Sternal infection, including mediastinitis

• No systematic review specifically addressed the role of [¹⁸F]FDG PET/CT for diagnosing bone infection and/or mediastinitis after sternal surgery.

• Available studies [31, 35] reported diagnostic performance indices of [¹⁸F]FDG PET/CT for:

  • Sternal osteomyelitis: sensitivity 91-98%, specificity 95-97%.
  • Mediastinitis: sensitivity 78%, specificity 82%.

Areas of potential research

• Standardized interpretation criteria for diagnosis of complicated osteomyelitis based on pattern and intensity of uptake.

• Determine [¹⁸F]FDG PET/CT criteria for the evaluation of response to conservative antibiotic treatment and to surgery, including debridement.

• 5.Diabetic foot infections

Diabetic patients are predisposed to severe foot infections, including osteomyelitis in addition to soft tissue involvement, which are associated with high morbidity and increased mortality.
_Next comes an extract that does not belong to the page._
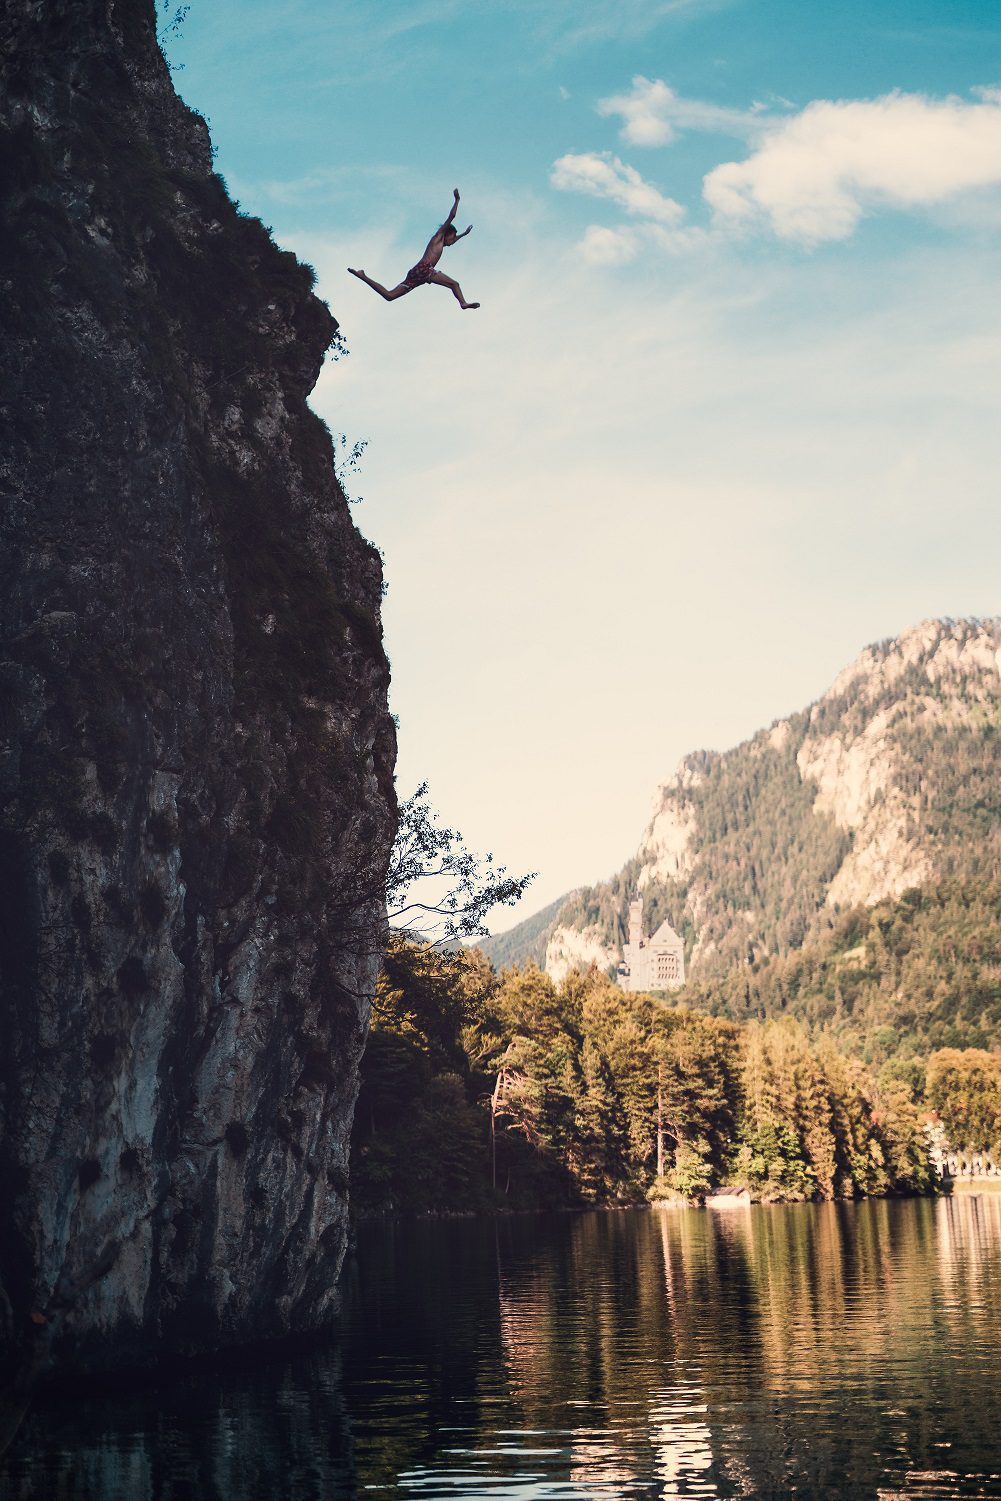 Man jumping off sheer cliff

Evidence-based guidance for imaging of the diabetic foot have recently been published [36, 37].

Indications

• Diagnosis of diabetic foot osteomyelitis in patients with a soft tissue ulcer and high suspicion of bone involvement after clinical examination, probe to bone test and radiographs [22].

Indications with insufficient evidence

• Differentiation of osteomyelitis in diabetic patients with mid- and hind-foot ulcers from superimposed active diabetic neuropathic osteoarthropathy (Charcot) [38].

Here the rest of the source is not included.